Look at CDF briefly:

plt.figure(figsize=(10,5));
cdf_t = []
for dof in [1,2,5,10,30,100]:
    rv = t(dof)
    plt.plot(x, rv.cdf(x), label=f't-distribution, dof={dof}');
plt.plot(x, rv_n.cdf(x), label=f'Normal distribution', ls='--', lw=2);
plt.legend();
plt.title('CDF');

Calculate t statistic to test the hypothesis that the sample mean is greater than a given population mean

# Hypotheses:
# H0: sample mean (83.32) <= 80
# H1: sample mean (83.32) > 80

# calculate test statistic using equation from above
statistic = (sample.mean() - test_value) / (sample.std() / np.sqrt(n_samples))
print(f"test statistic={statistic}")

# use test statistic to calculate a p-value for this ons sided t-test
dof = n_samples - 1 # calculate degrees of freedom

rv = scipy.stats.t # instantiate A Student’s t continuous random variable

# calculate p-value from CDF using our statistic
pvalue = 1 - rv.cdf(statistic, dof)

print(f"pvalue={pvalue}")

test statistic=4.882490991137169
pvalue=7.604355871659862e-07

With p < 0.05, we can reject the null at the 95% confidence level (1-95 = 0.05) and accept the alternative hypothesis that the sample represents a population with a mean that is LARGER than the hypothetical population (that has a mean value of 80).
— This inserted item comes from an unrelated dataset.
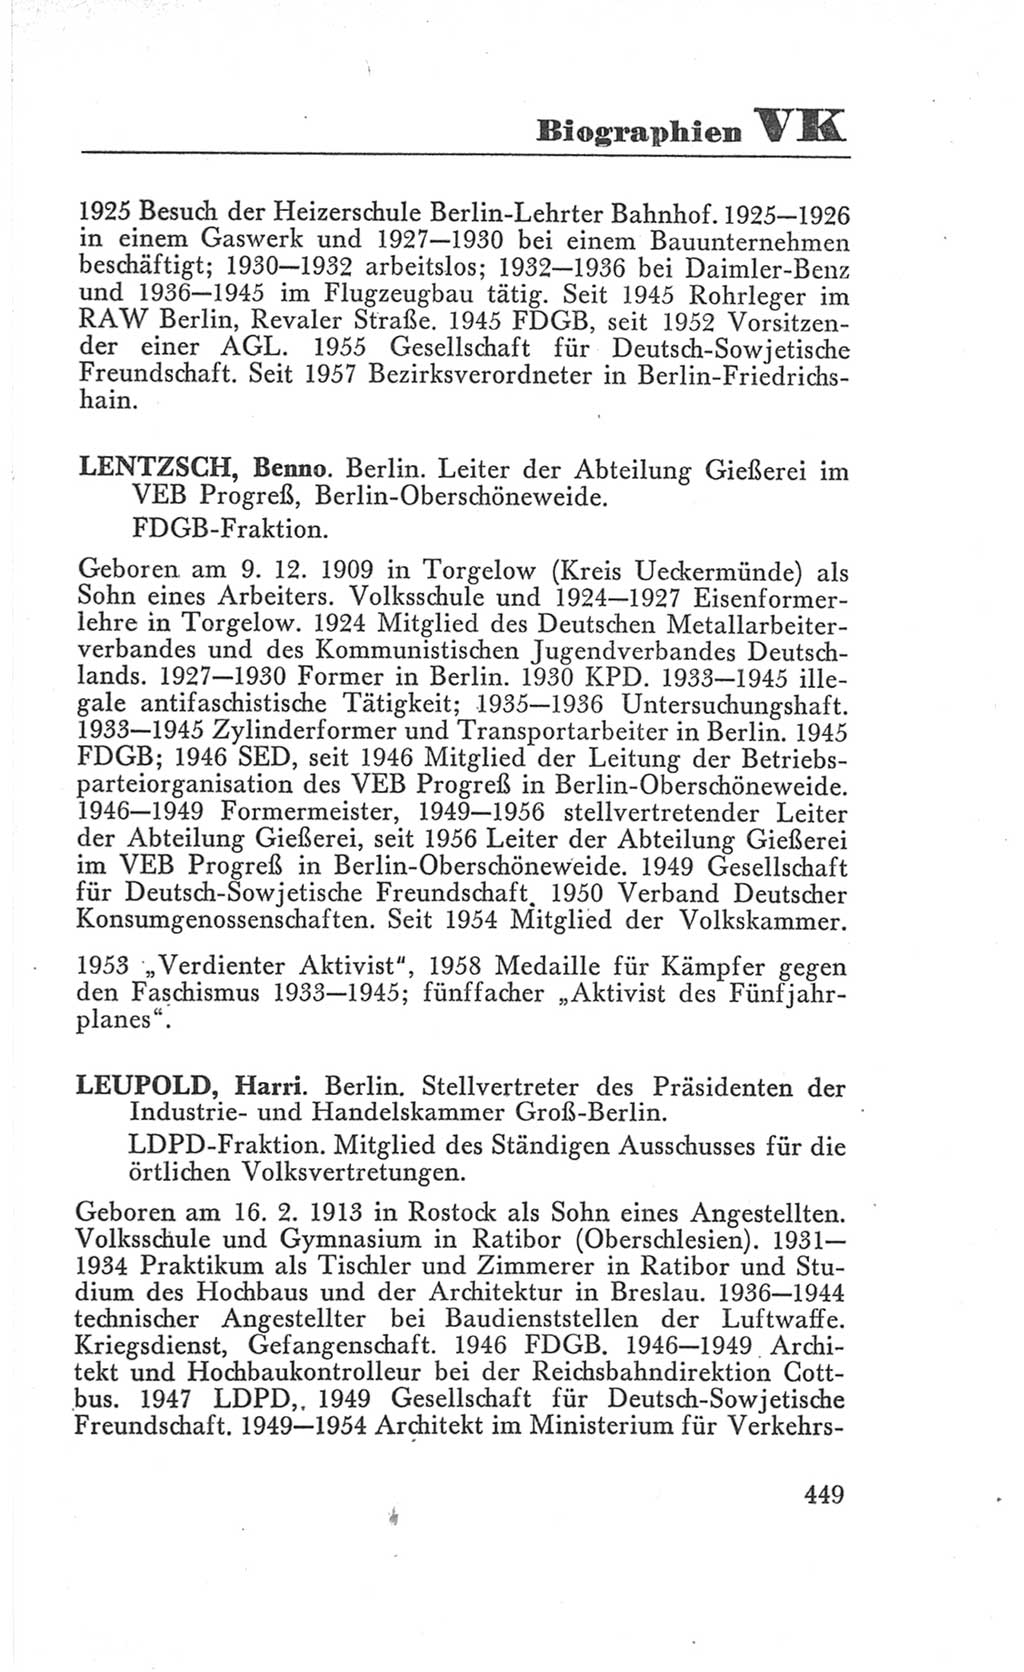 Handbuch der Volkskammer (VK) der Deutschen Demokratischen Republik (DDR), 3. Wahlperiode 1958-1963, Seite 449 (Hdb. VK. DDR 3. WP. 1958-1963, S. 449)

use two-sided one sample t-test function to checking for whether the mean of the sample significantly differs from a given population mean

# Hypotheses:
# H0: sample mean = population mean
# H1: sample mean < population mean | sample mean > population mean

statistic, pvalue = scipy.stats.ttest_1samp(a=sample, popmean=test_value)

print(f"test statistic={statistic}")
print(f"pvalue={pvalue}")

test statistic=4.876353350758522
pvalue=1.566173764815852e-06

With p < 0.05, we can reject the null at the 95% confidence level (1-95 = 0.05) and accept the alternative hypothesis that the sample represents a different population than the hypothetical population with a mean value of 80.